Մատչելիության հղումներ

By Shakeh Avoyan
President Robert Kocharian has ordered a criminal inquiry into a pipeline accident that contaminated drinking water supplied to northern parts of Yerevan and led to the hospitalization of about two hundred local residents, a spokesman said on Tuesday.

The presidential press secretary, Ashot Kocharian, told RFE/RL that the president has instructed prosecutors to identify the causes of the October 26 breakdown and, in necessary, bring criminal proceedings against those responsible for it.

The Office of Prosecutor-General said its territorial divisions in Yerevan’s disease-hit Arabkir district and the adjacent Kotayk region have already opened a criminal case. The spokesman for the law-enforcement agency, Gurgen Ambarian, said the investigators suspect a violation of sanitary and hygienic rules by the city’s state-owned water and sewerage operator. He said they have demanded formal explanations from the utility and the Armenian Health Ministry.

An RFE/RL correspondent saw a prosecutor visiting the office of the Yerevan water network later in the day. The official refused to comment as he left the building.

Kocharian’s order followed a public outcry over the continuing consequences of the water pollution that triggered a major outbreak of dysentery mainly among small children. Government and utility officials have been widely criticized for not issuing the population of the area with a health warning immediately after the breakdown, the causes of which have still not been identified. Officials suspect that a section of the old pipeline shipping water to Arabkir let in drainage or sewage waters.

A total of 187 people have been taken to the city’s main infections hospital since the accident, according to its chief doctor, Ara Asoyan. He said 54 of them have already been discharged. Asoyan added that only six new patients were hospitalized on Tuesday, suggesting that the disease is on the decline.

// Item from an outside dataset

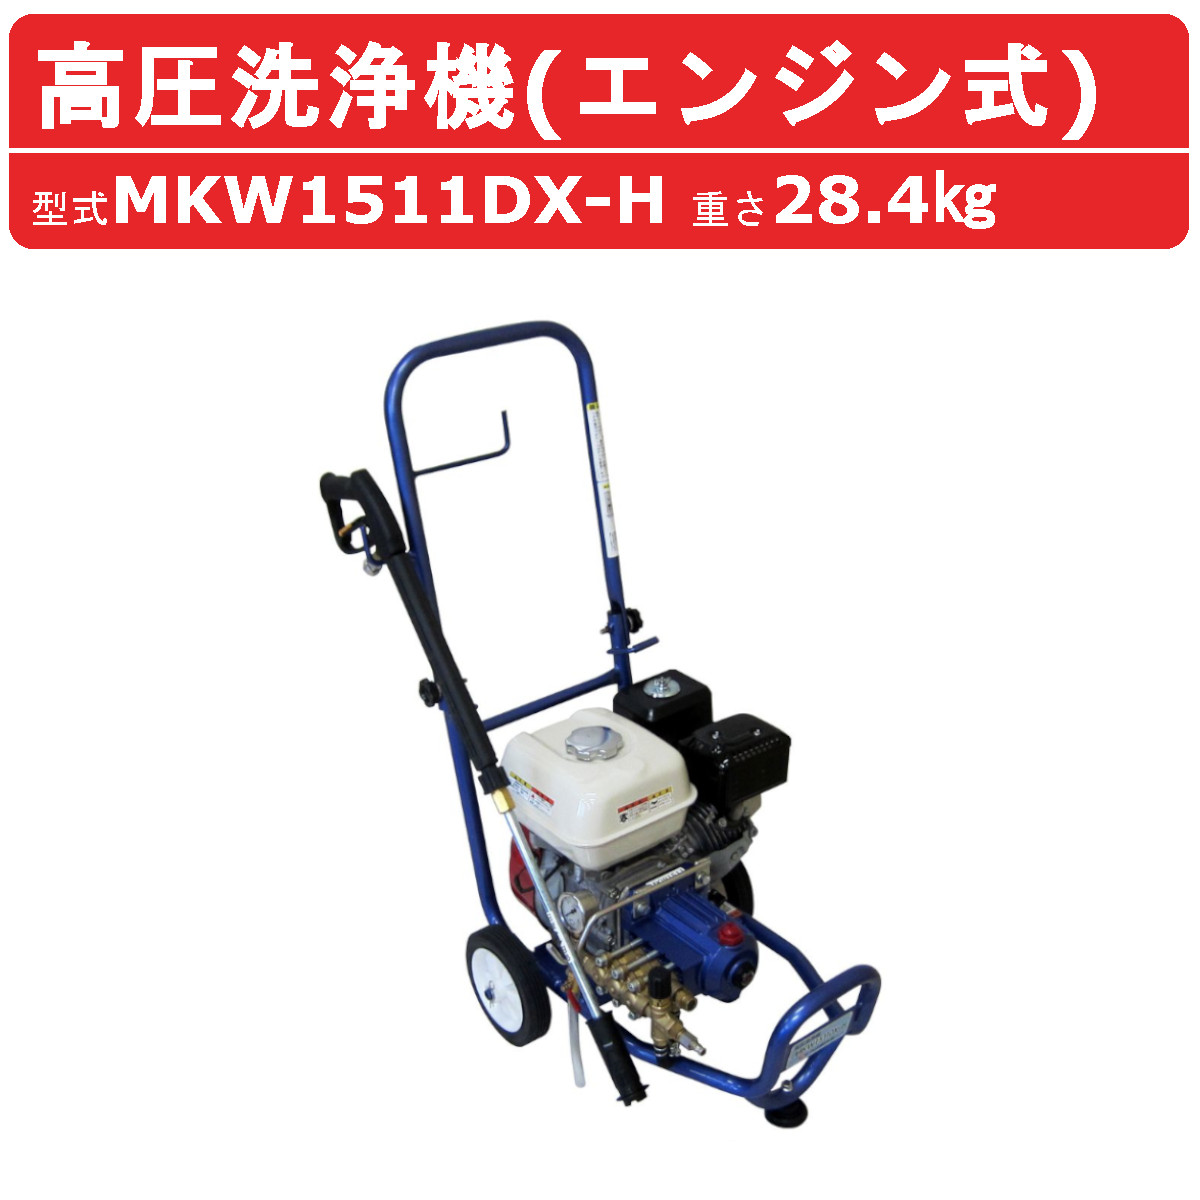 丸山製作所 高圧洗浄機 MKW1511DX-H-1 旧型式 MKW1511DX-H エンジン式 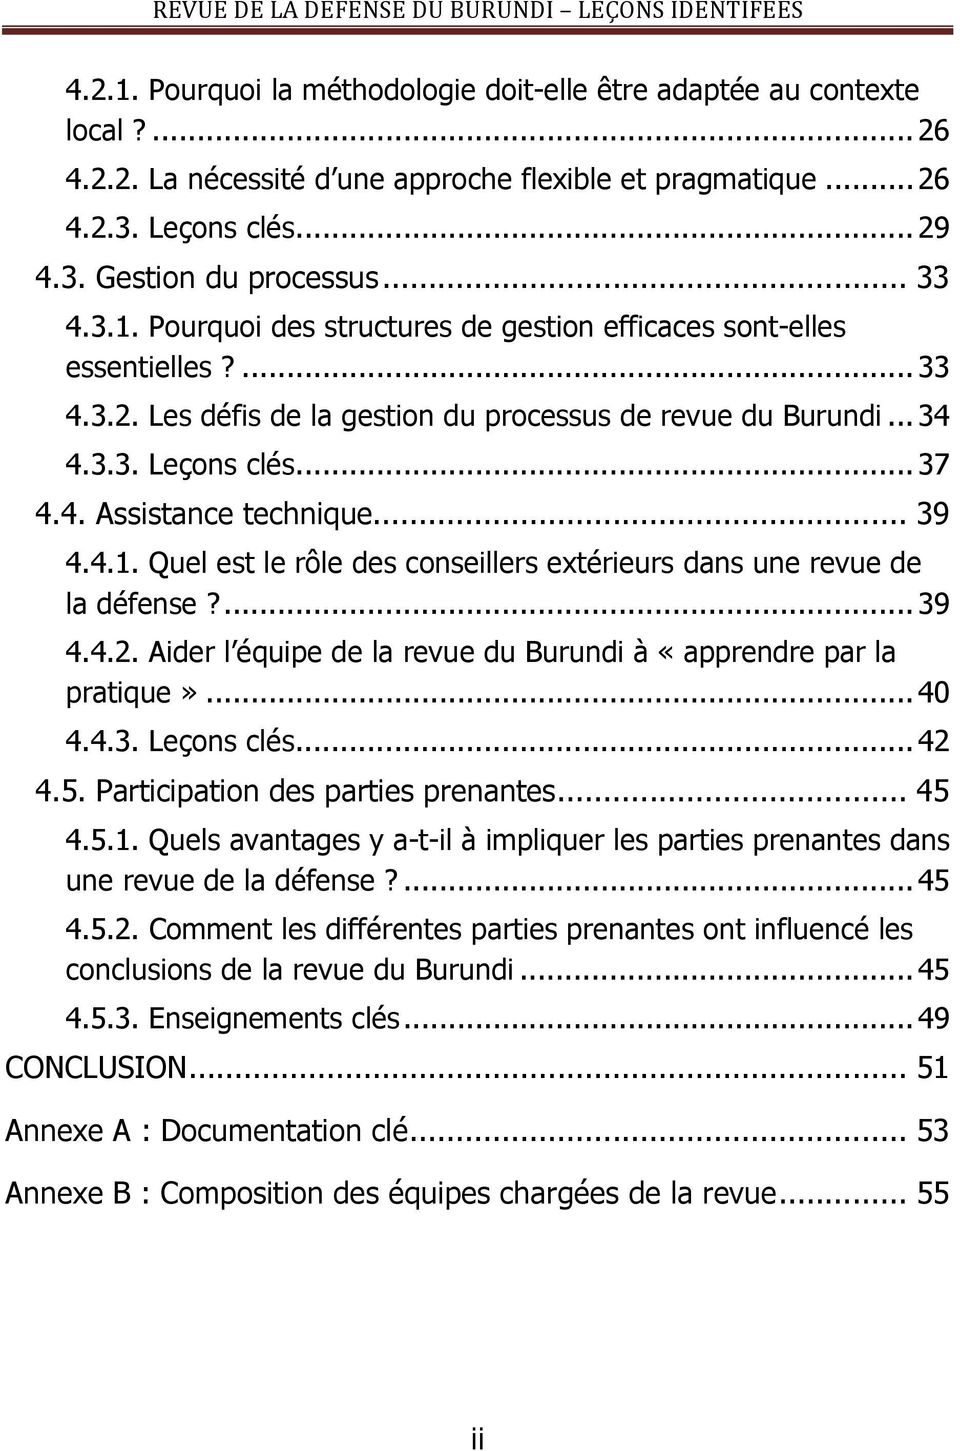 .. 39 4.4.1. Quel est le rôle des conseillers extérieurs dans une revue de la défense?... 39 4.4.2. Aider l équipe de la revue du Burundi à «apprendre par la pratique»... 40 4.4.3. Leçons clés... 42 4.

The head of an anti-epidemics service at the Health Ministry, Artavazd Vanian, argued that the number of dysentery victims is relatively small given that as many as 250,000 people live in the contaminated area. He said they should continue boil their water until further notice. “The water is already clean,” he said. “It’s just that we are continuing to disinfect it with large quantities of chlorine.”

A non-governmental consumers group, meanwhile, announced plans to sue the water utility for inflicting financial and moral damages on thousands of Arabkir residents. Armen Poghosian of the Union of Consumers claimed that some 40 of them have already signed a class-action lawsuit that will be filed to a local court soon.